Returning home, Nelson appears at his local Labour branch, to defend himself against charges made by the conspirators of working against the party. Driven by guilt, Murray makes an oblique and faltering private attempt to reconcile himself with Nelson, but is furiously rebuffed. Grenville's thugs find themselves outnumbered by both the local members and the Labour-supporting farmers, who show up in support for Nelson; the motion for Nelson's expulsion is rejected. Meanwhile, an arrest warrant is issued against Murray for inciting the riots. Barbara is revealed to be the younger sister of Eileen, the girl who victimised Murray during their childhood. Having had a morbid fascination with death during her girlhood, Eileen once cajoled the young Murray into choking her—the secret that Murray has been trying to hide. Eileen eventually killed herself. After a lifetime of vengeful feelings towards Murray, Barbara finally accepts that he was a victim.

In recompense, Barbara helps Murray to secretly record a conversation in which the plotters admit their intention to provoke riots. She leaves him a recording of the confession, as well as revealing the information absolving him of any guilt about Eileen. Murray abandons his ambitions and resigns himself to his political fate, allowing Barbara to deliver him to the police. However, as she parts company with Barnes, Barbara reveals that his attempts to prevent the recording were unsuccessful. As Murray faces his fate, the Nelsons look to the future, still ignorant of much of what has happened beyond their own immediate lives.
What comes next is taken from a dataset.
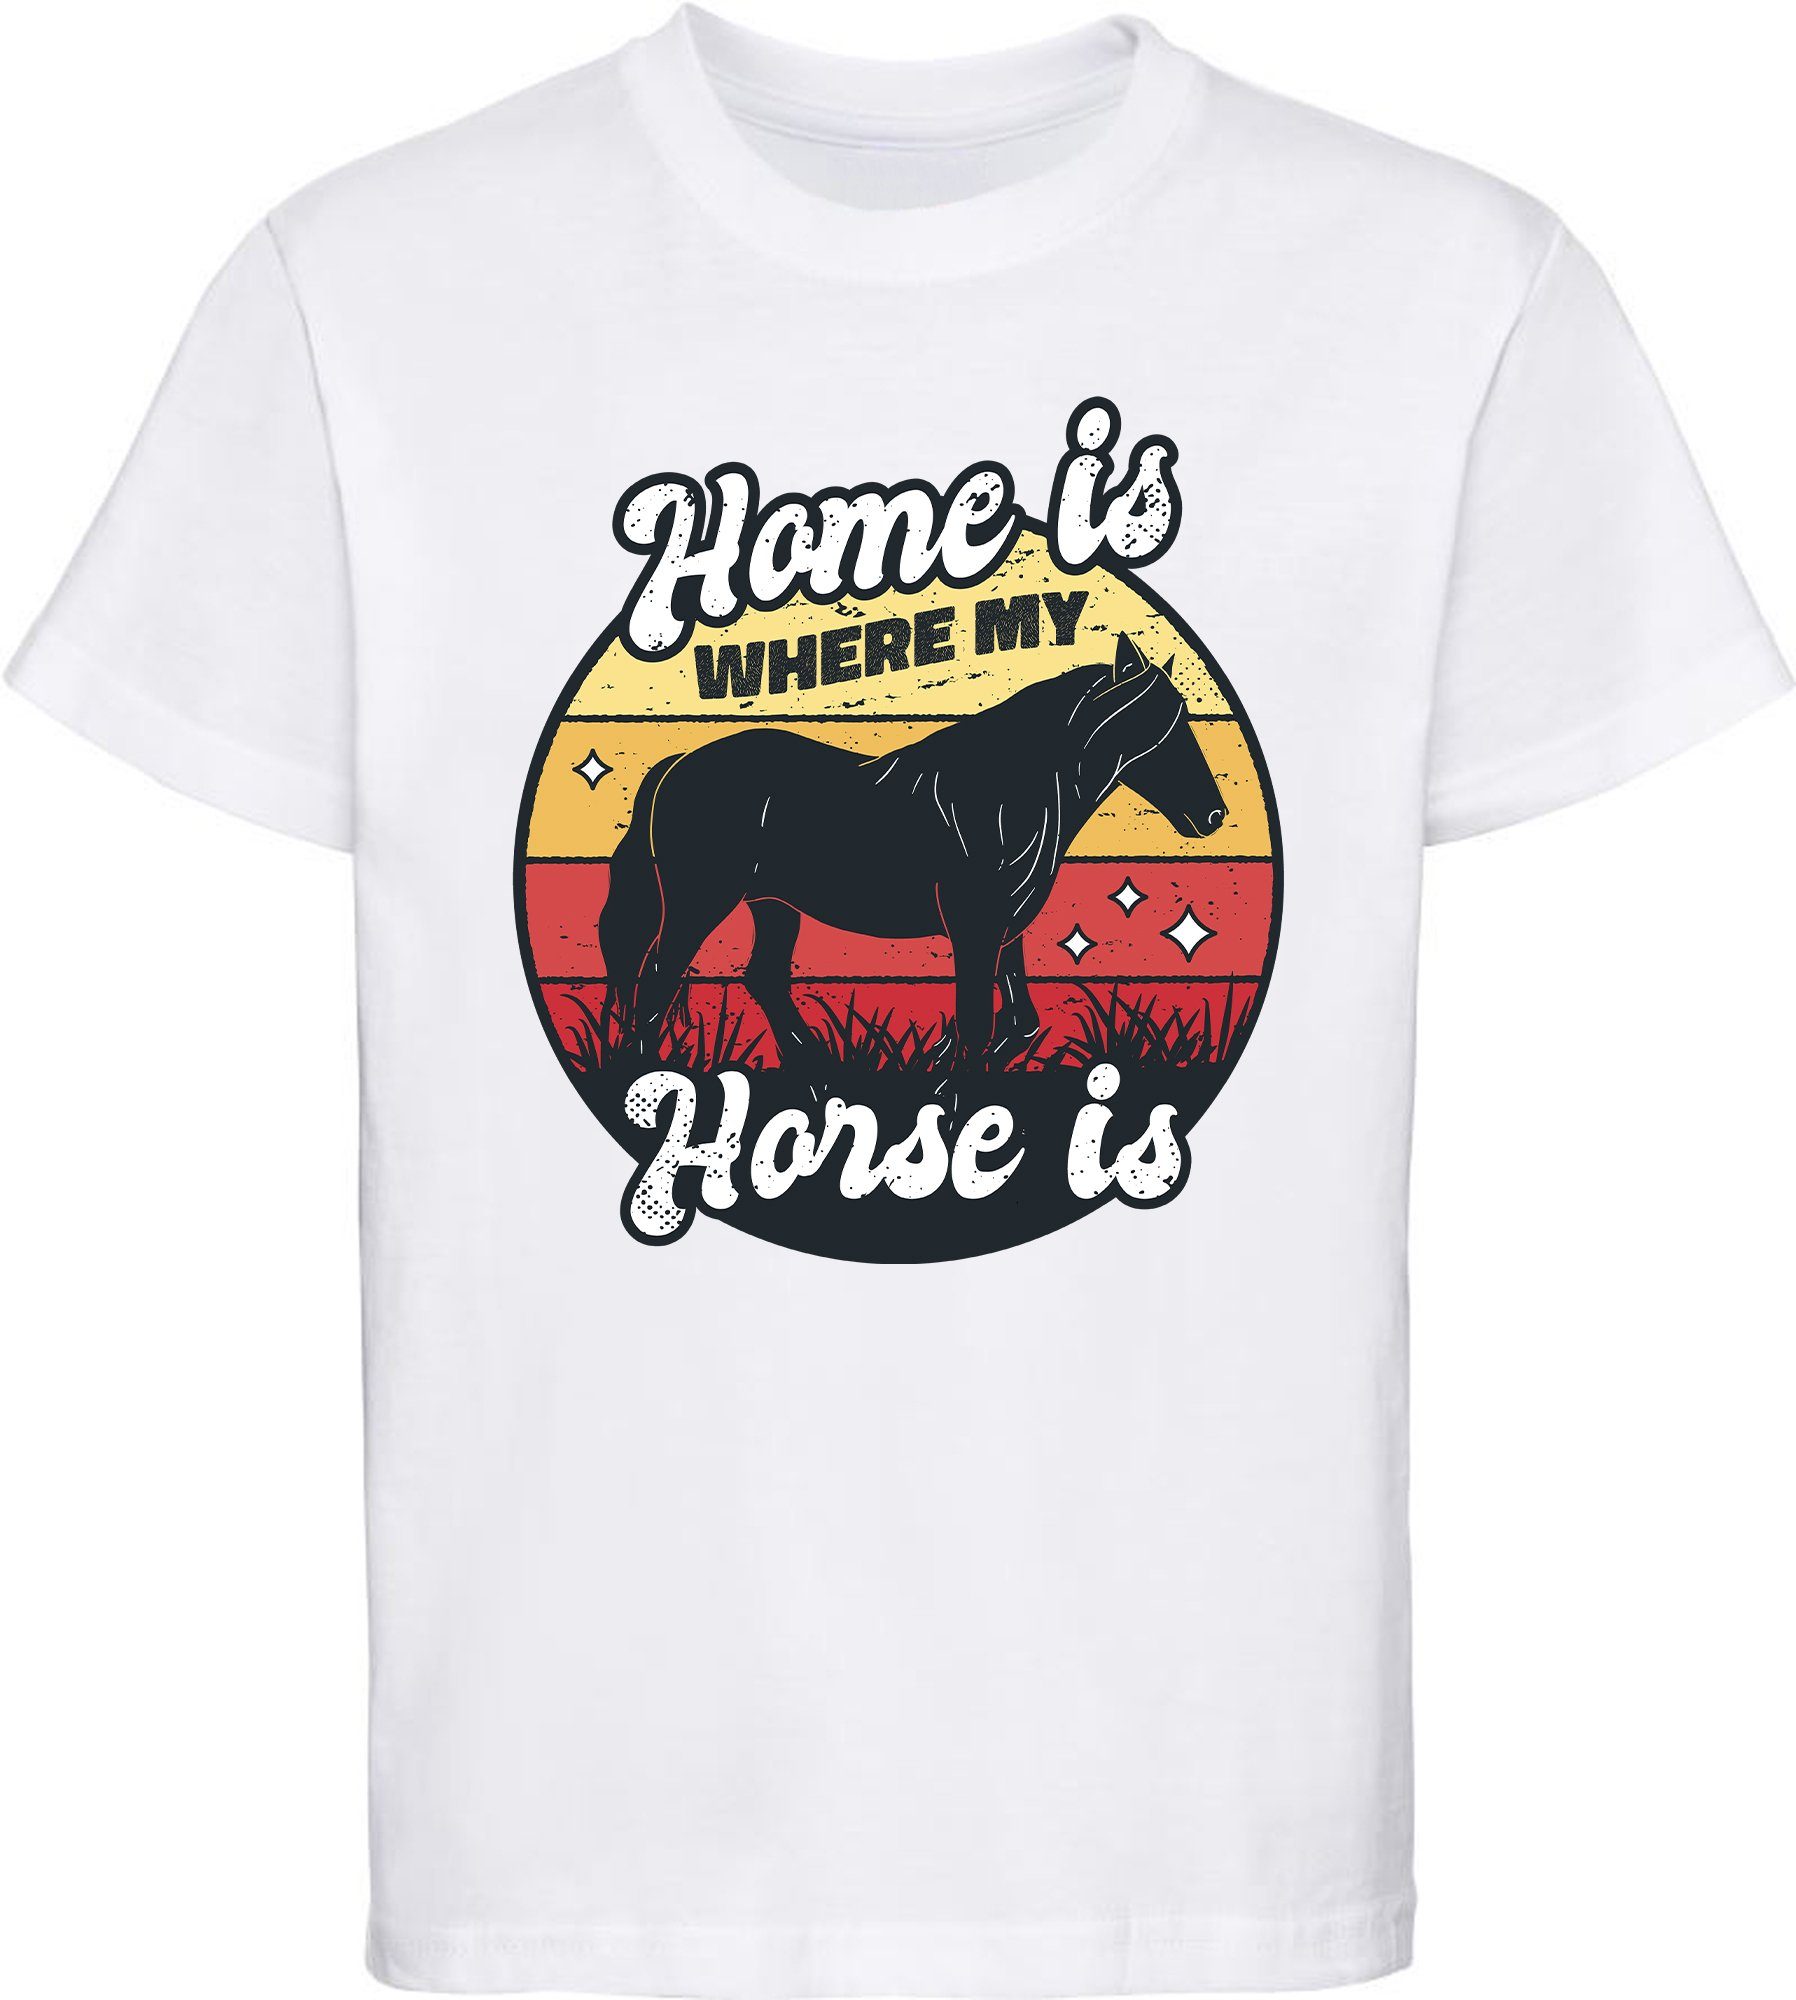 Mädchen Print-Shirt Baumwollshirt where my is MyDesign24 Aufdruck, bedrucktes weiss - is i156 horse Home T-Shirt mit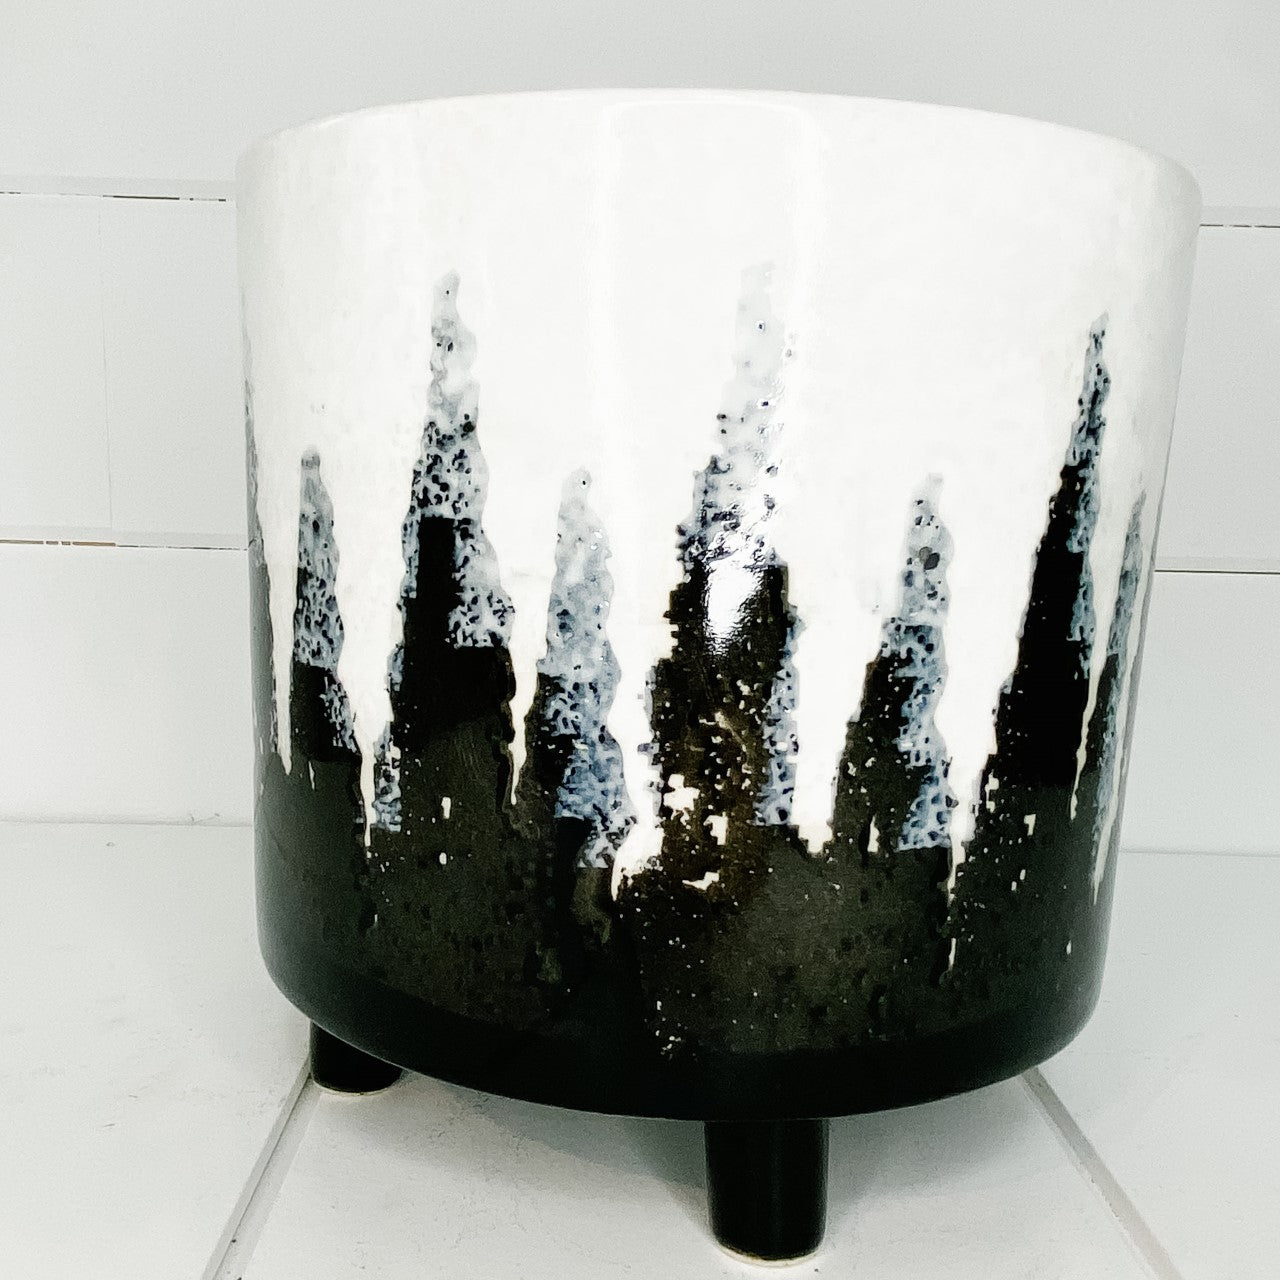 Ivory/Black ceramic planter with feet.

Nelson manages to drive his car across the bridge which had previously defeated him.

==Cast==

- Robert Lindsay as Michael Murray
- Michael Palin as Jim Nelson
- Dearbhla Molloy as Laura Nelson
- Alan Igbon as Teddy
- Andrew Schofield as Peter
- Philip Whitchurch as Franky Murray
- Julie Walters as Mrs Murray
- Tom Georgeson as Lou Barnes
- Paul Daneman as Mervyn Sloane
- Peter-Hugo Daly as 'Bubbles' McGuire
- Jane Danson as Eileen Critchley (flashbacks, credited as 'Jane Dawson')
- Lindsay Duncan as Barbara Douglas
- Edward Mallon as Mark Nelson
- Hayley Fairclough as Jessica Nelson
- Anna Friel as Susan Nelson
- Amanda Mealing as Beth
- Michael Angelis as Martin Niarchos
- David Ross as Mr Weller
- Jimmy Mulville as Philip
- Bill Stewart as Geoff
- Gareth Tudor Price as Richard Grenville
- Ayesa Toure as Monica
- Julia St John as Diane Niarchos
- Colin Douglas as Frank Twist
- Clifford Rose as Judge Critchley
- Daniel Massey as Grosvenor
- Judith Barker as Margie
- Peter Armitage as Mr Burns
- Noreen Kershaw as Maureen Murray
- John Shrapnel as Dr Jacobs

==Production==

External scenes of the primary school were shot at Lostock County Primary School in Bolton. Identifying signs were removed or in some cases painted out. One sign at the front of the school, that read 'Bolton MBC—Keep Off', had 'Bolton MBC' painted out. The sign—and the painted-out letters—were still visible in 2014.

==Awards and nominations==

| Award | Nominee(s) | Result |
| British Academy Television Award for Best Actor | Robert Lindsay | Won |
| Michael Palin | Nominated |
| British Academy Television Award for Best Actress | Lindsay Duncan | Nominated |
| British Academy Television Award for Best Drama Serial | David Jones, Alan Bleasdale, Robert Young | Nominated |
| British Academy Television Craft Award for Best Original Television Music | Richard Harvey, Elvis Costello | Won |
| British Academy Television Craft Award for Best Make Up | Anne Spiers | Nominated |
| British Academy Television Craft Award for Best Film or Video Photography (Fiction) | Peter Jessop | Nominated |
| British Academy Television Craft Award for Best Graphics | Debby Mendoza | Nominated |
| British Academy Television Craft Award for Best Film or Video Editor (Fiction) | Anthony Ham, Oral Norrie Ottey | Nominated |
| Broadcasting Press Guild Award for Best Actor | Robert Lindsay | Won |
| Broadcasting Press Guild Award for Best Drama Series | David Jones, Alan Bleasdale, Robert Young | Won |
| RTS Television Award for Best Actor | Robert Lindsay | Won |

==Home video==
The series was released in the UK (Region 2 DVD) on 12 June 2006, it was also released in "The Alan Bleasdale Collection" box set with two Bleasdale drama series: Jake's Progress and Melissa. It was released in the US (Region 1 DVD) on 23 February 2010.